Furthermore, proponents of nationhood contend that a society or a people can survive only when: a) they remain aware of their cultural and historical origins; b) when they can assemble around a mediator, be it individual, or symbolic, who is capable of reassembling their energies and catalyzing their will to have a destiny; c) when they can retain the courage to designate their enemy. None of these conditions have been realized in societies that put economic gain above all other values, and which consequently: a) dissolve historical memories; b) extinguish the sublime and eliminate subliminal ideals; c) assume that it is possible not to have enemies.
The results of the rapid change from national or tribal-oriented societies to the modern, anti-national individualism prevalent in contemporary "advanced" societies have been very well described by Cornelius Castoriadis: "Western societies are in absolute decomposition. There is no longer a vision of the whole that could permit them to determine and apply any political action . . . Western societies have practically ceased to be [nation] states . . . Simply put, they have become agglomerations of lobbies which, in a myopic manner, tear the society apart; where nobody can propose a coherent policy, and where everybody is capable of blocking an action deemed hostile to his own interests." (Liberation, 16 and 21 December, 1981).
Modern liberalism has suppressed patriotic nationhood into a situation in which politics has been reduced to a "delivery service" decisionmaking process resembling the economic "command post," statesmen have been reduced to serving as tools for special interest groups, and nations have become little more than markets. The heads of modern liberal states have no options but to watch their citizenry being somatized by civilizational ills such as violence, delinquency, and drugs.
Ernst Junger once remarked that the act of veiled violence is more terrible than open violence. (Journal IV, September 6, 1945). And he also noted: "Slavery can be substantially aggravated when it assumes the appearance of liberty." The tyranny of modern liberalism creates the illusion inherent in its own principles. It proclaims itself for liberty and cries out to defend "human rights" at the moment when it oppresses the most. The dictatorship of the media and the "spiral of silence" appear to be almost as effective in depriving the citizenry of its freedom by imprisonment. In the West, there is no need to kill: suffice it to cut someone's microphone. To kill somebody by silence is a very elegant kind of murder, which in practice yields the same dividends as a real assassination - an assassination which, in addition, leaves the assassin with good conscience. Moreover, one should not forget the importance of such a type of assassination. Rare are those who silence their opponents for fun.
Patriotic nationhood does not target the notion of "formal liberties, " as some rigorous Marxists do. Rather, its purpose is to demonstrate that "collective liberty," i.e., the liberty of peoples to be themselves and to continue to enjoy the privilege of having a destiny, does not result from the simple addition of individual liberties.
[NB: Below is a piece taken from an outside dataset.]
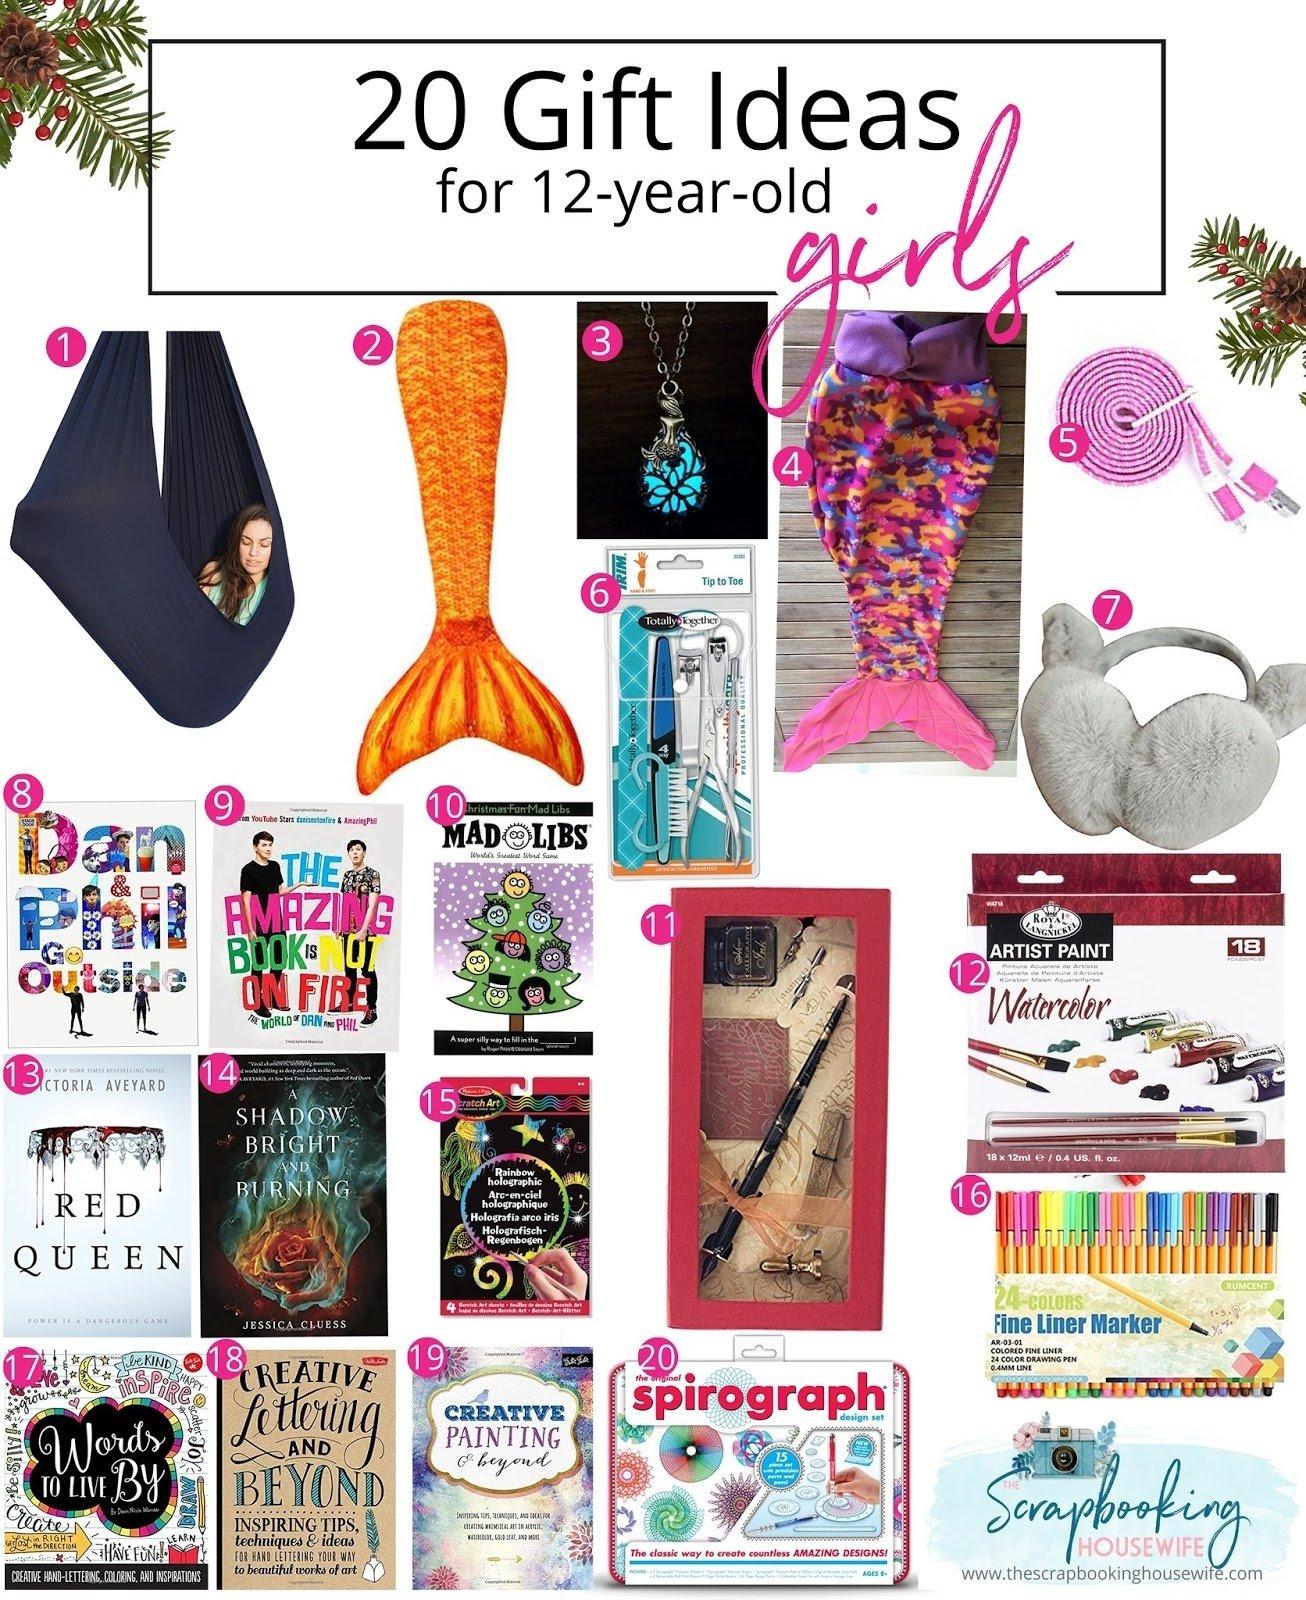 10 Stunning 12 Year Old Girl Gift Ideas ellabella designs 20 gift ideas for 12 year old tween girls 15 2021

Proponents of nationhood instead contend that the "liberties" granted to individuals by liberal societies are frequently nonexistent; they represent simulacra of what real liberties should be. It does not suffice to be free to do something. Rather, what is needed is one's ability to participate in determining the course of historical events. Societies dominated by modern liberal traditions are "permissive" only in so far as their general macrostability strips the populace of any real participation in the actual decision-making process. As the sphere in which the citizenry is permitted to "do everything" becomes larger, the sense of nationhood becomes paralyzed and loses its direction.
Liberty cannot be reduced to the sentiment that one has about it. For that matter, both the slave and the robot could equally well perceive themselves as free. The meaning of liberty is inseparable from the founding anthropology of man, an individual sharing a common history and common culture in a common community. Decadence vaporizes peoples, frequently in the gentlest of manners. This is the reason why individuals acting as individuals can only hope to flee tyranny, but cooperating actively as a nation they can often defeat tyranny.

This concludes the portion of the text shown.